-- INPUT DATA follows --

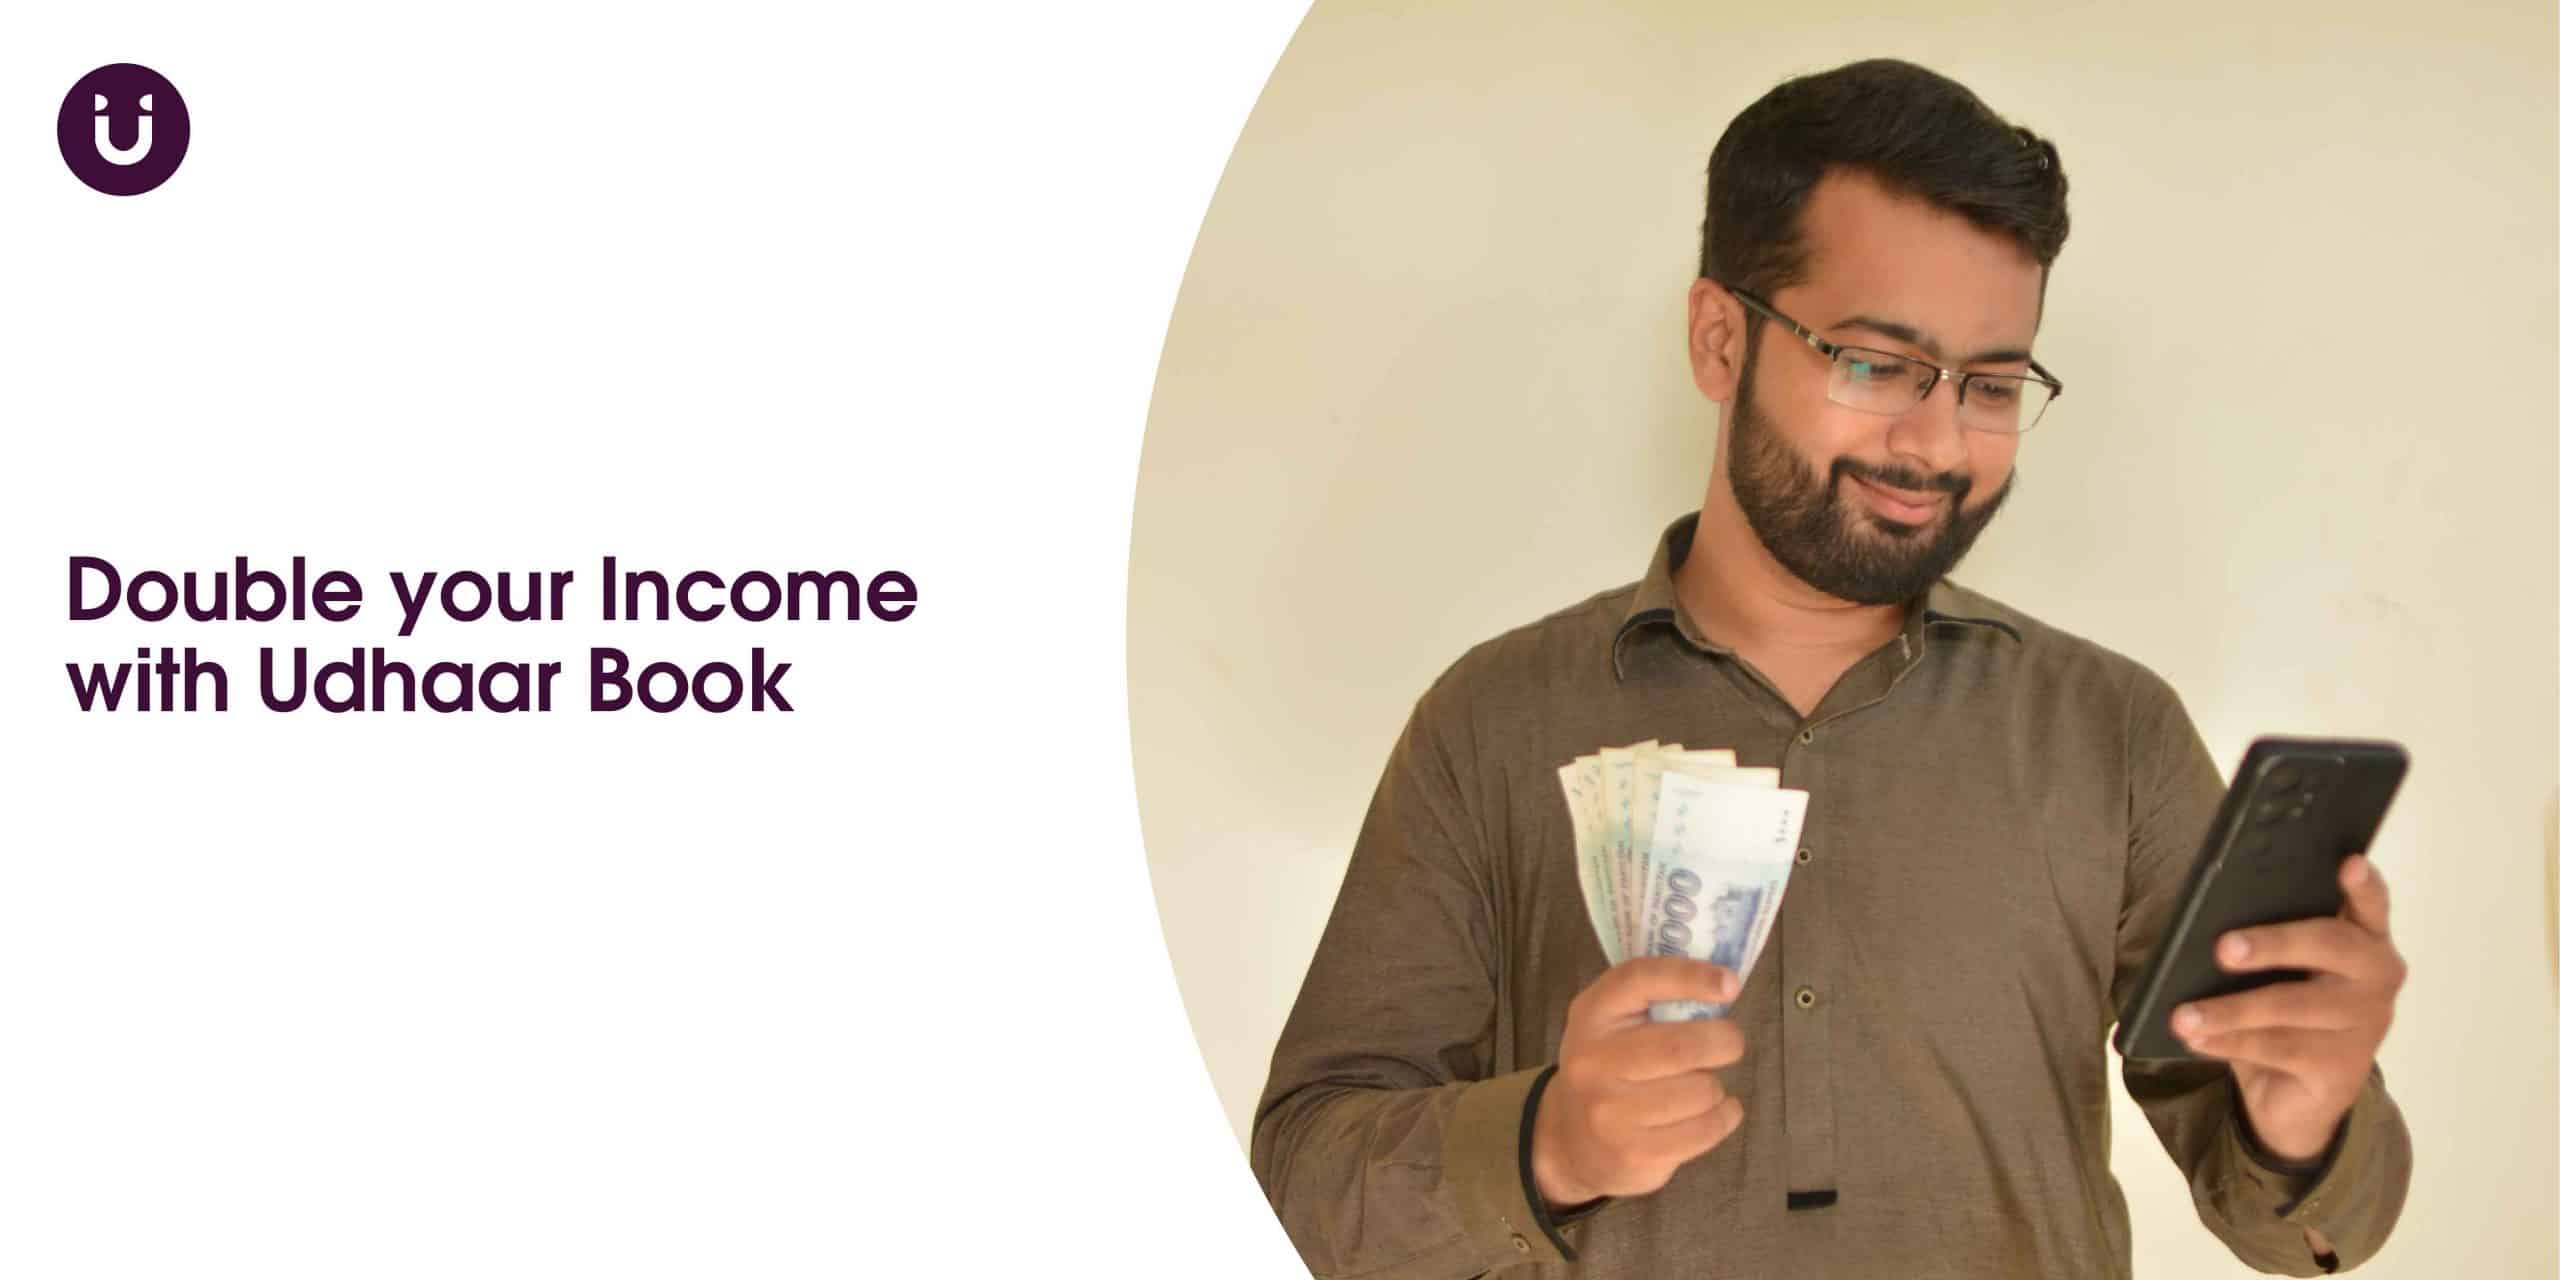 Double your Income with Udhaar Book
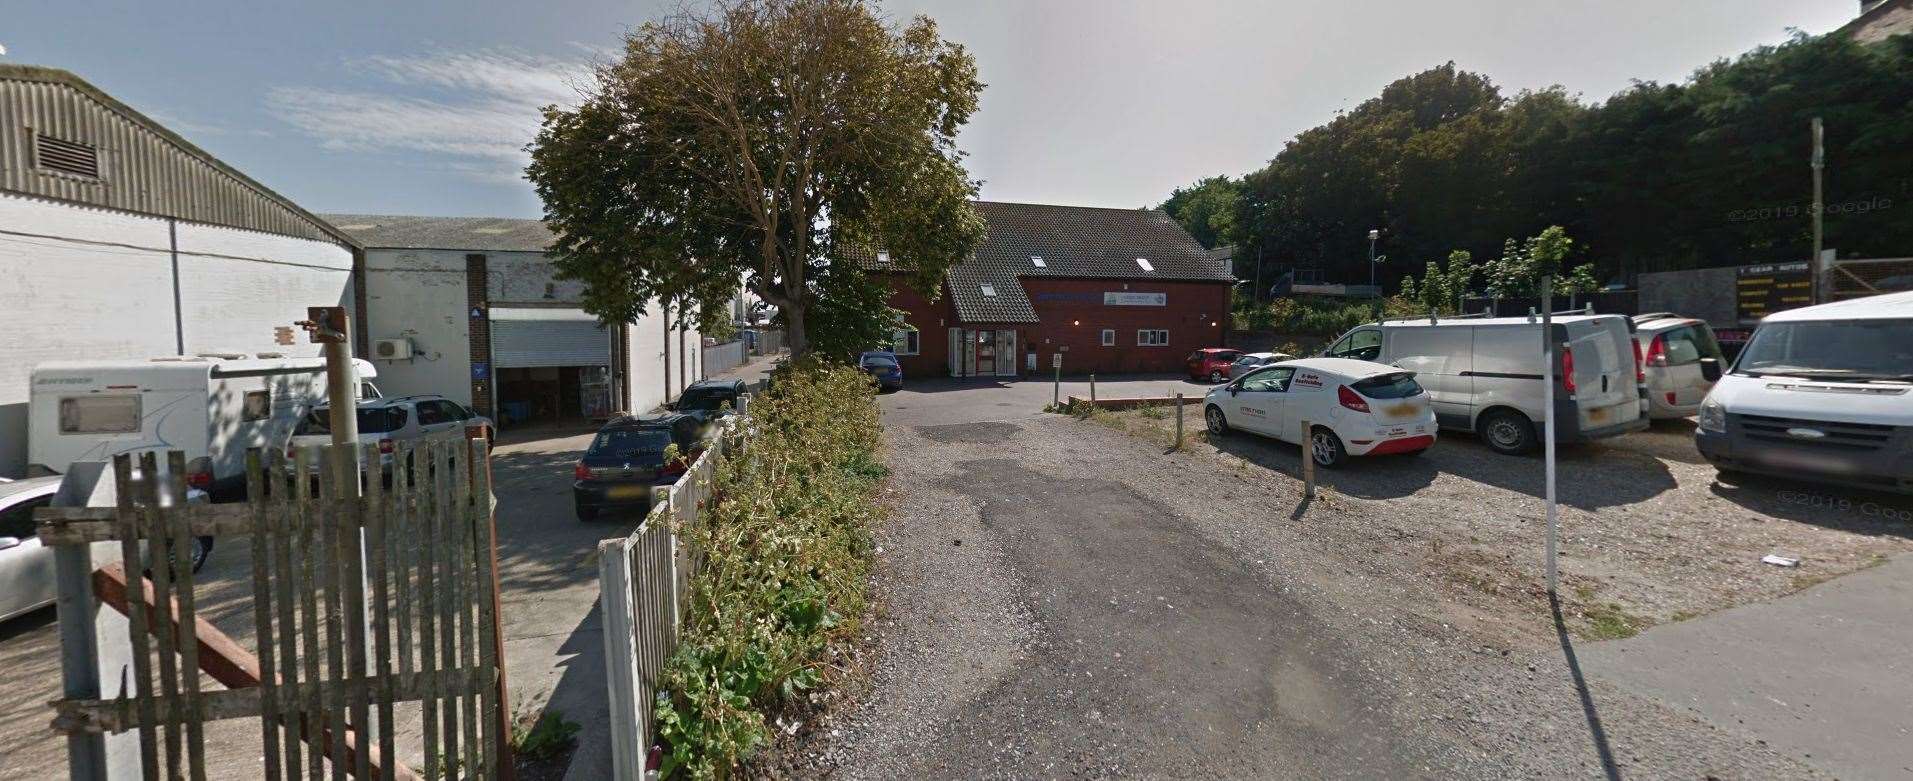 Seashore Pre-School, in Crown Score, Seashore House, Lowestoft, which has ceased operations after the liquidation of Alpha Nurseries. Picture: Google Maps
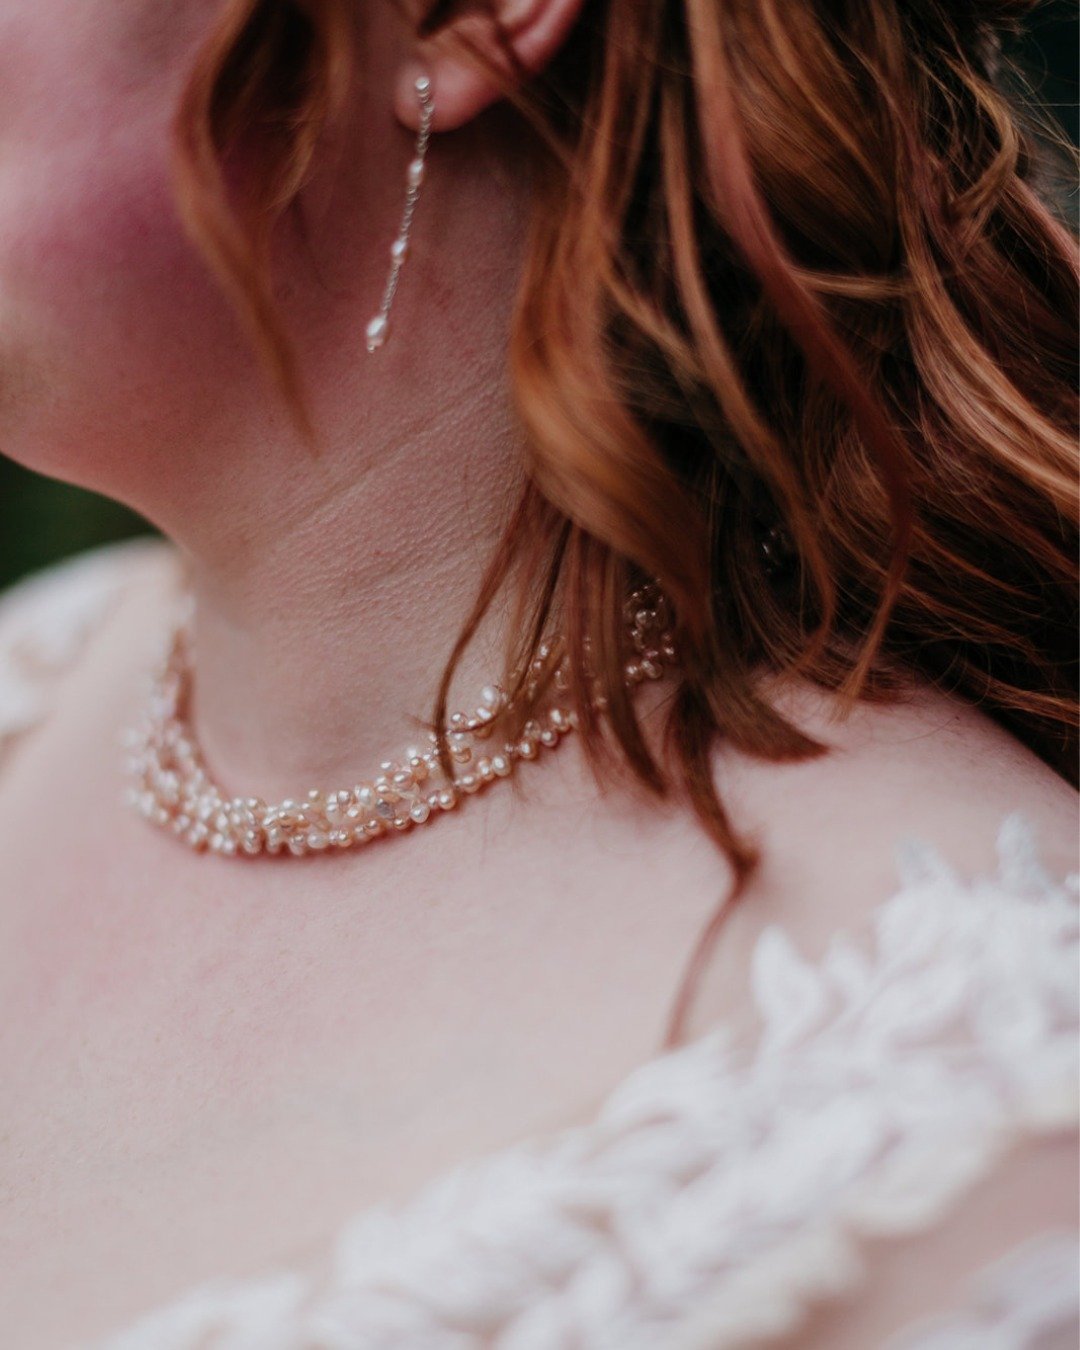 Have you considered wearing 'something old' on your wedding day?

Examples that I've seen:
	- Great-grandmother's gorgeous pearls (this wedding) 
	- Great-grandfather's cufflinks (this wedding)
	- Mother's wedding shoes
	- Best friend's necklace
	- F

-- INPUT DATA concluded --

PROBLEM DESCRIPTION -
Would you print all the entries again exactly, minus any pictures?

RESPONSE TO THE TASK -
 Double your Income with Udhaar Book
 Seashore Pre-School, in Crown Score, Seashore House, Lowestoft, which has ceased operations after the liquidation of Alpha Nurseries. Picture: Google Maps
 Have you considered wearing 'something old' on your wedding day?

Examples that I've seen:
	- Great-grandmother's gorgeous pearls (this wedding) 
	- Great-grandfather's cufflinks (this wedding)
	- Mother's wedding shoes
	- Best friend's necklace
	- F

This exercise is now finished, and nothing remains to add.